10 . The computer program product of claim 9 , wherein the application servers comprise application rules, and wherein the application rules comprise:
mapping the service request to a network type; and
adjusting, in real time, the network type in response to the service request.
11 . The computer program product of claim 9 , wherein the decision compute requirements further comprise:
service request parameters, wherein the service request parameters comprise resource requirements associated with the service request;
a node configuration, wherein the node configuration comprises the processing capabilities of the node, and health status of the node; and
a node priority, wherein the node priority comprises assigning a role to the node, wherein the role comprises a leader node and a worker node.
12 . The computer program product of claim 11 , wherein the compute requirements further comprise a prior node configuration, wherein the prior node configuration comprises the node's state from prior iterations.
13 . The computer program product of claim 9 , wherein the network configuration comprises a circular network, a wheel network, or a star network.
14 . The computer program product of claim 9 , wherein the AI model comprises a generative AI model, wherein the generative AI model considers previous network configurations to determine the network configuration.

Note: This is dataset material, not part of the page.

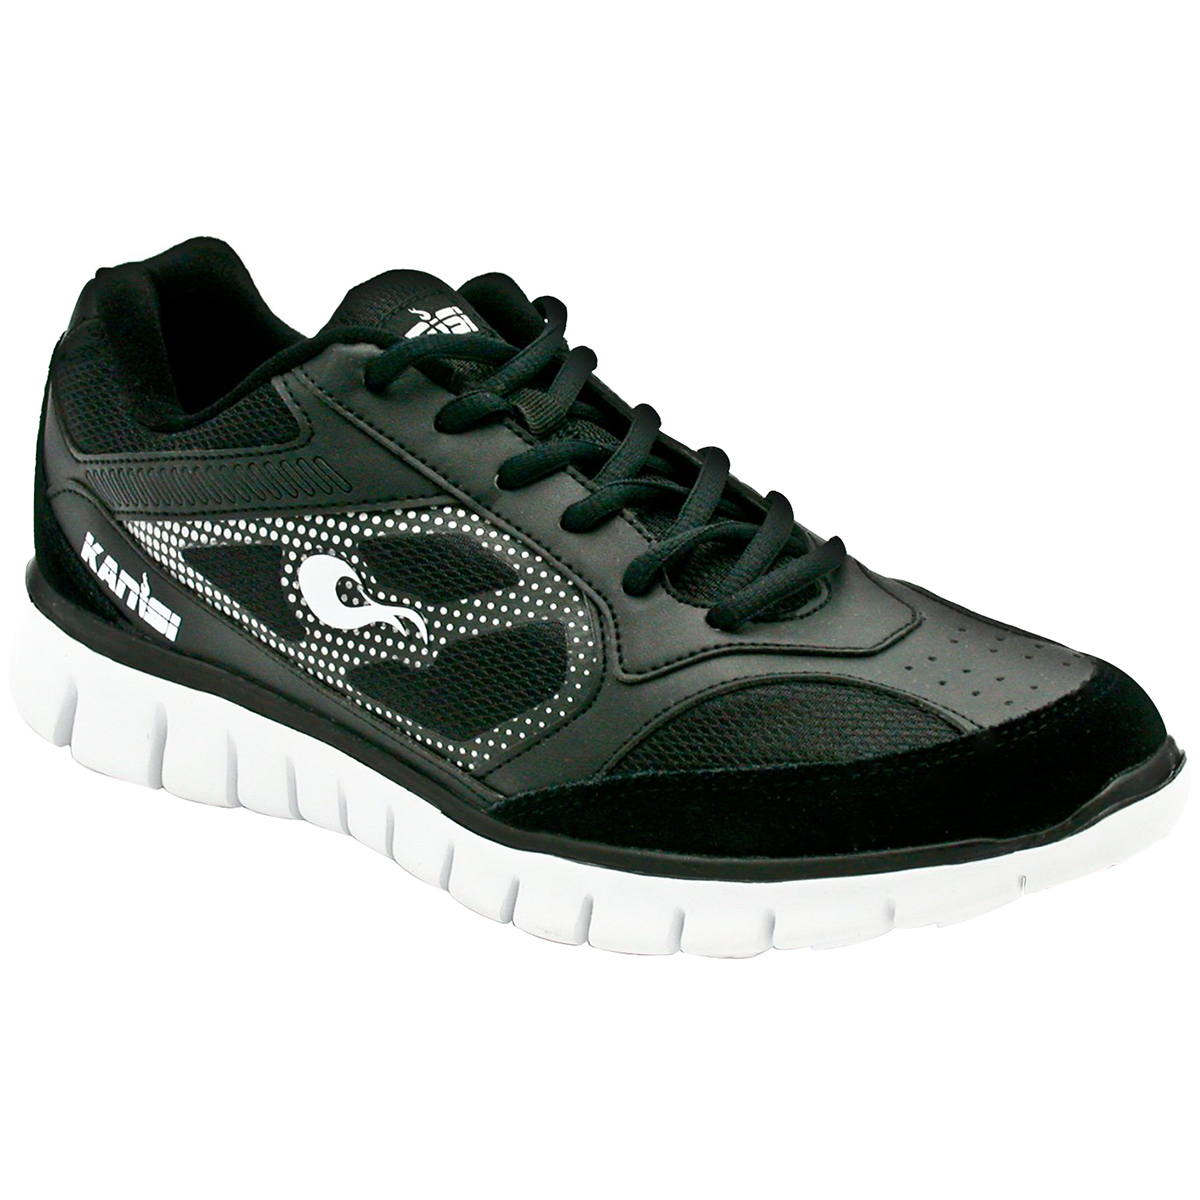 Kanisi Boxing Trainer and Running Shoes - 11 - Black/White - image 3 of 4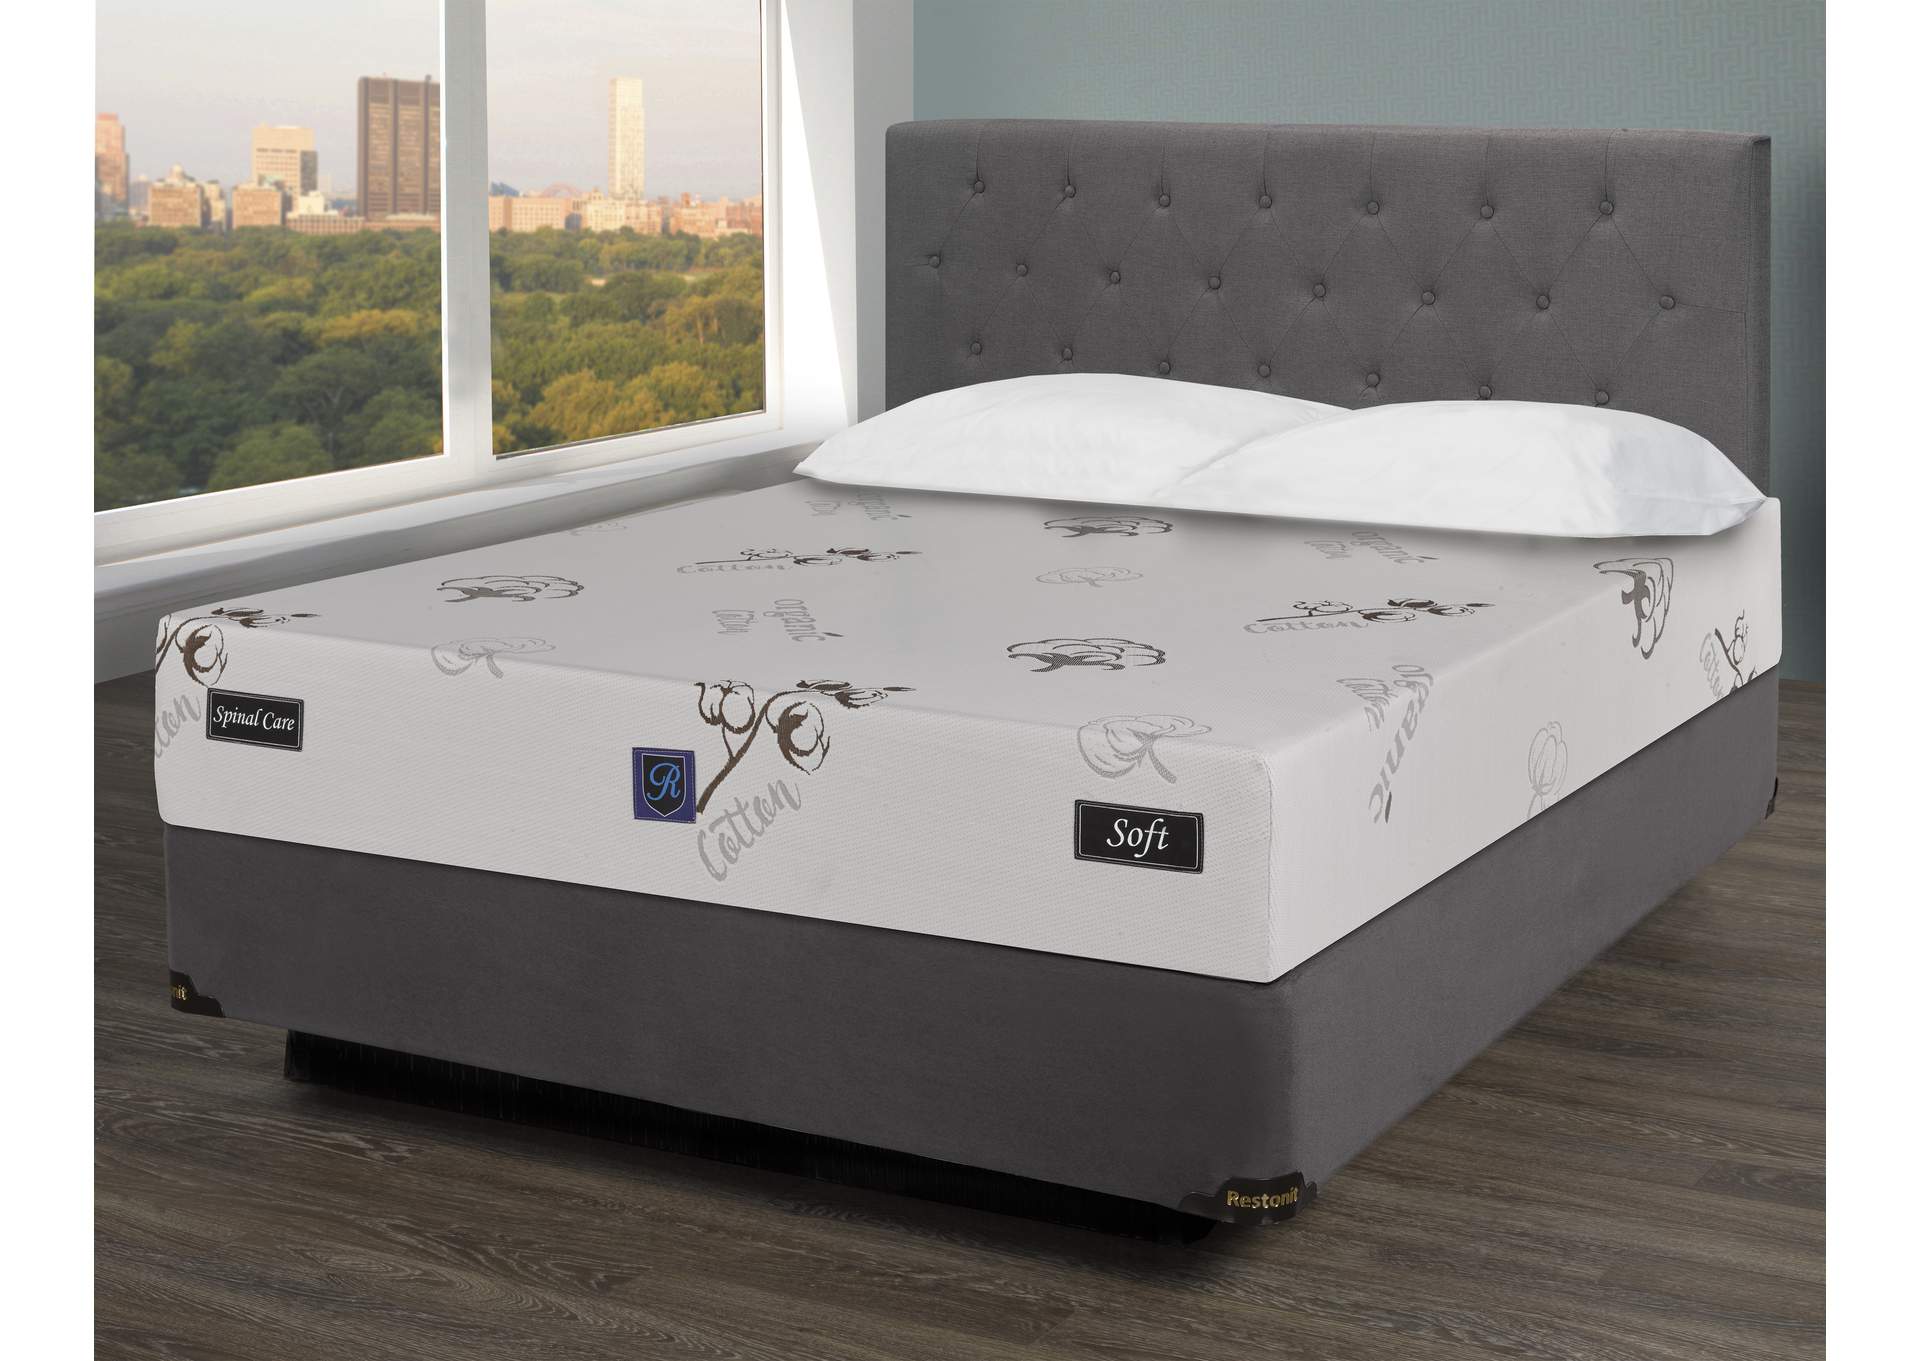 Spinal Care Full Mattress - 10",Galaxy Home Furniture

15 . The computer program product of claim 9 , wherein the one or more network parameters comprise:
a network health, wherein the network health comprises the health of the network configuration; and
a network feed, wherein the network feed comprises the amount of data transmitted via the service request.
16 . The computer program product of claim 9 , wherein the code further causes the apparatus to implement, in response to detecting an anomaly, a secure zone, wherein the secure zone corresponds with the network configuration where the anomaly was detected.
17 . A method for configuring network architecture using advanced computational models for data analysis and automated processing, the method comprising:
receiving a service request, wherein the service request comprises configuring a node to complete the service request;
determining a protocol based on the service request, wherein the protocol comprises evaluating the service request using application servers;
determining the node to be used in a network configuration, wherein the node is determined in response to decision compute requirements;
arranging, using an artificial intelligence (AI) model, the node into the network configuration, wherein the AI model optimizes the network configuration based on the decision compute requirements and one or more network parameters;
monitoring the network configuration using a configuration monitor, wherein the configuration monitor analyzes the one or more network parameters; and
determining, using a quantum simulation, a probabilistic distribution of the network configuration to analyze performance of the network configuration, wherein determining, using the quantum simulation, the probabilistic distribution of the network configuration to analyze performance of the network configuration further comprises recommending a different network configuration than the network configuration recommended by the AI model, and wherein the different network configuration is pre-staged to minimize downtime during implementation.
18 . The method of claim 17 , wherein the application servers comprise application rules, and wherein the application rules comprise:
mapping the service request to a network type; and
adjusting, in real time, the network type in response to the service request.